[PATCH] D89723: [CSSPGO][llvm-profgen]Context-sensitive profile data generation

Fri Nov 20 10:55:59 PST 2020

wenlei added inline comments.

================
Comment at: llvm/test/tools/llvm-profgen/Inputs/noinline-cs-noprobe.perfscript:2
+Using perf wrapper that supports hot-text.
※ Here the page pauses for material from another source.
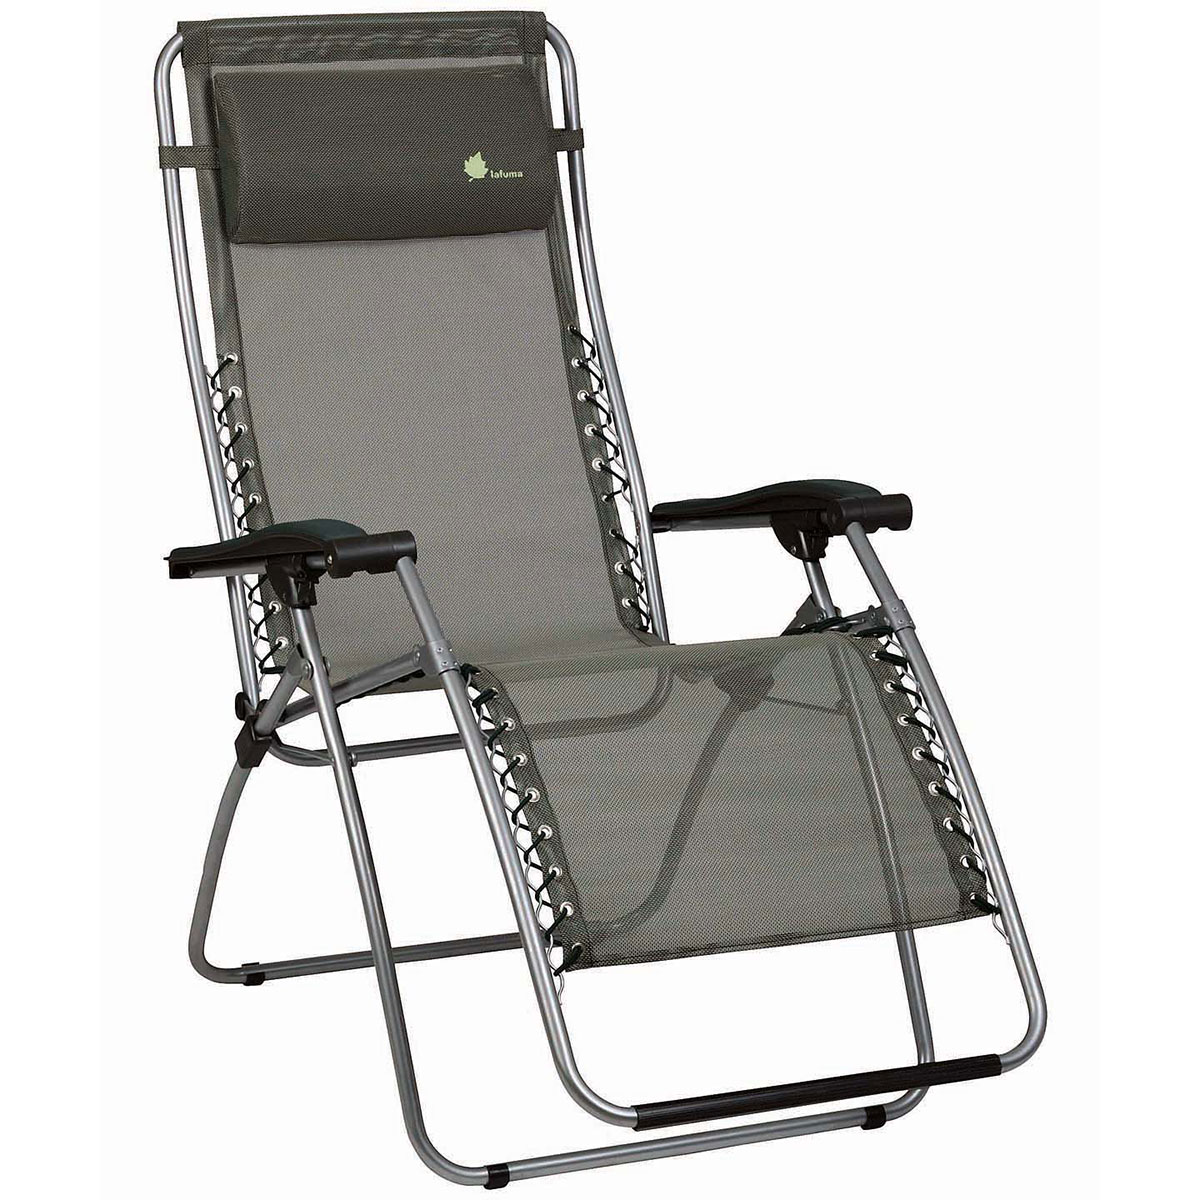 ergonomic patio lounge chairs photo - 2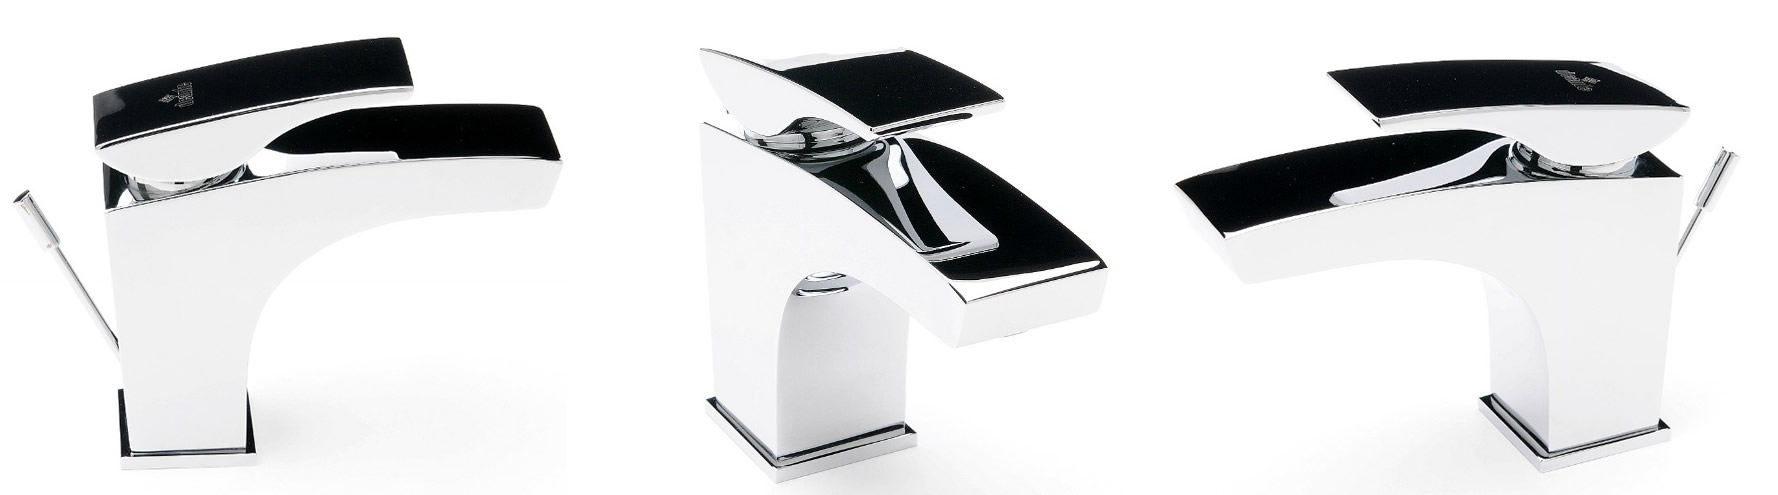 Bateria umywalkowa Deante Minimal widoki

Try perf.real if you encounter any issues.
+PERF_RECORD_MMAP2 2854748/2854748: [0x400000(0x1000) @ 0 00:1d 123291722 526021]: r-xp /home/noinline-cs-noprobe.perfbin
+
----------------
I think we also need to support cases where PERF_RECORD_MMAP2 event isn't available, in which case we just use preferred load address from ELF header. 

Can you add a test case that doesn't have PERF_RECORD_MMAP2? Looks like currently we would just proceed with parsing without a base address set?

================
Comment at: llvm/tools/llvm-profgen/PerfReader.cpp:484-487
+  if (getPerfScriptType() == PERF_LBR_STACK) {
+    // Unwind samples if it's hybird sample
+    unwindSamples();
+  }
----------------
What would be the workflow for (non-CS) AutoFDO with this new implementation? 

It looks like `parseTrace` is responsible for aggregation only, then even for AutoFDO, there'll be a post-process after that, to get range:count, right?

so it looks to me that a unified workflow could be something like this?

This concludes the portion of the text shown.